PROBLEM TO SOLVE: Write out exactly the lines from the one that contains "brand & product." down to the last line of the material below, keeping both ends and omitting pictures.

DATA SECTION:
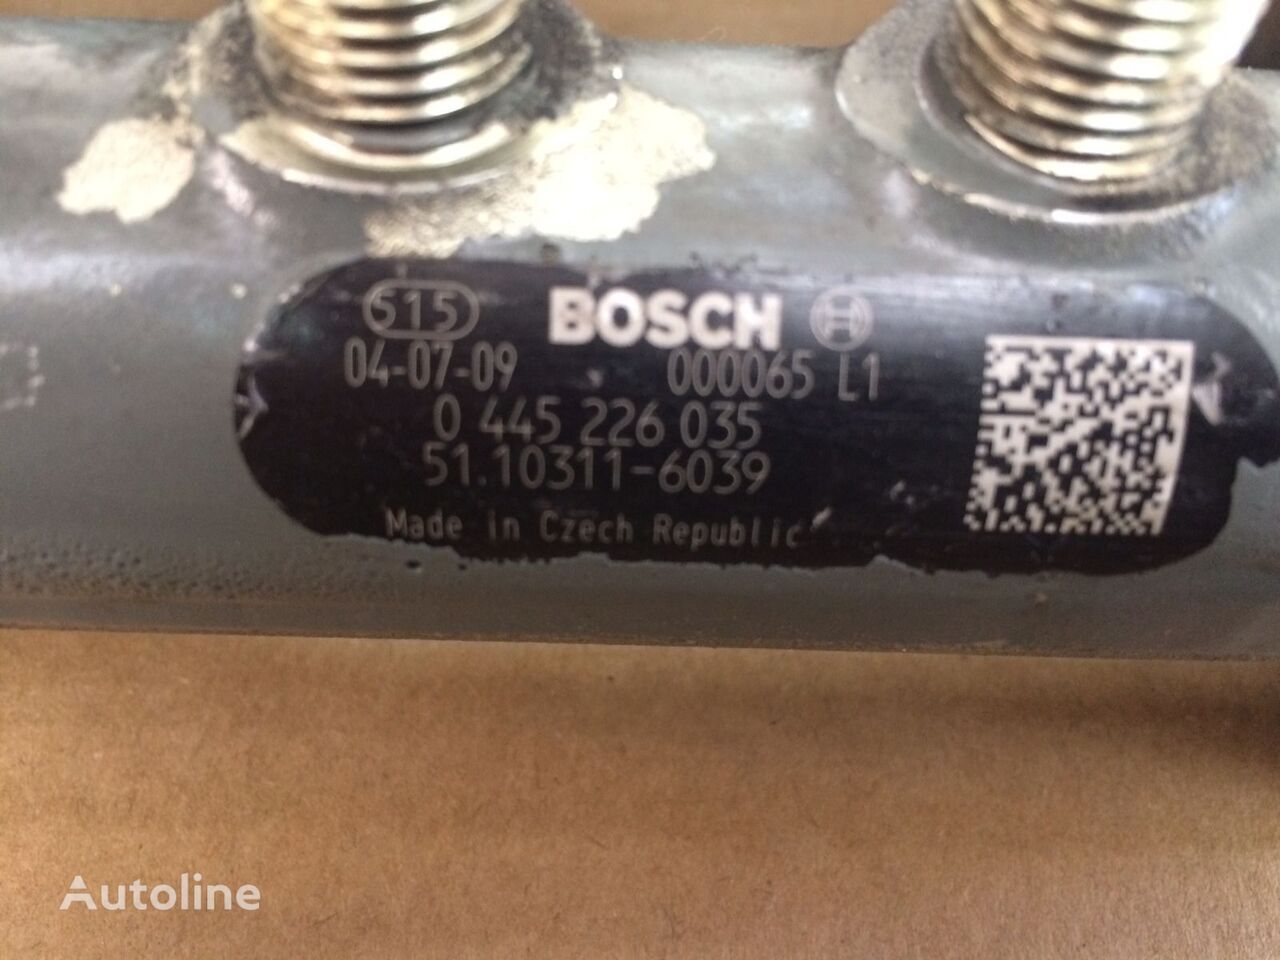 Injektor för Lastbil Bosch - TUBO PRESSIONE COMMON RAIL BOSCH   MAN: bild 6
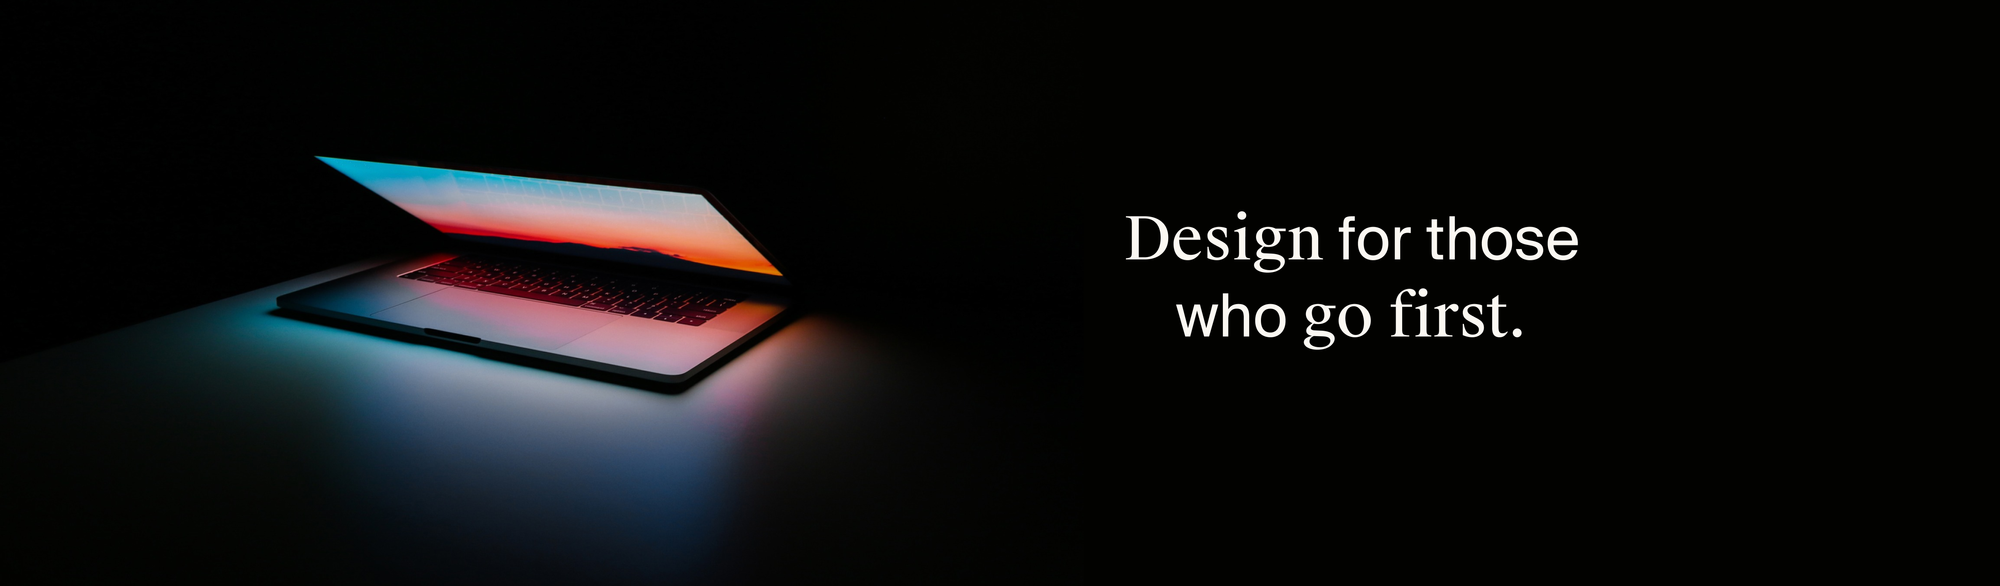 Tyler Beaty  |  Full-stack designer specializing in brand & product.
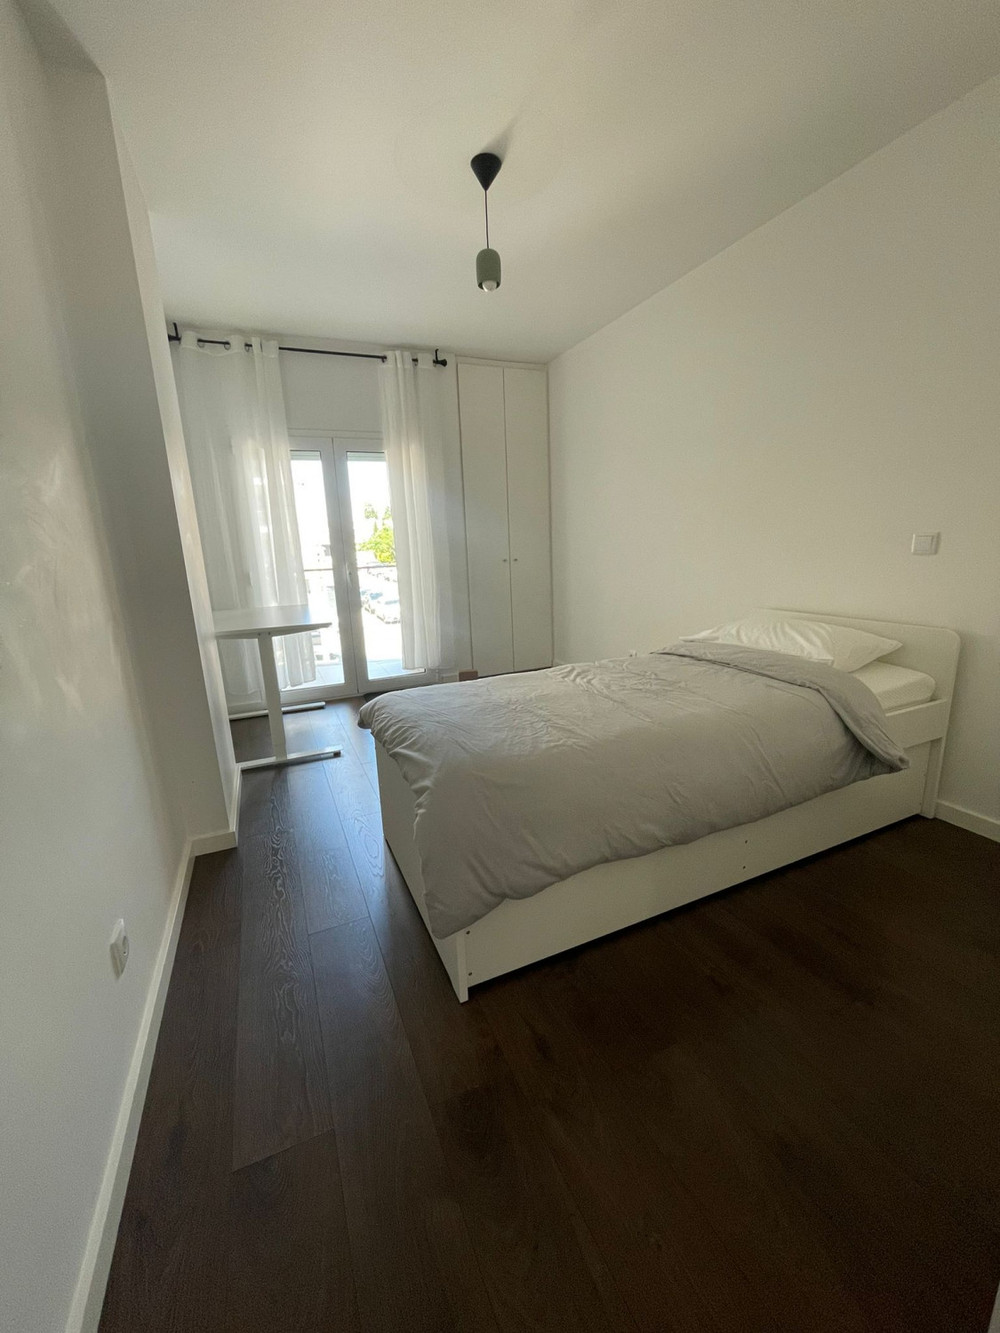 New One bedroom luxury apt in Carcavelos

SOLUTION TO THE PROBLEM:
 Tyler Beaty  |  Full-stack designer specializing in brand & product.
 New One bedroom luxury apt in Carcavelos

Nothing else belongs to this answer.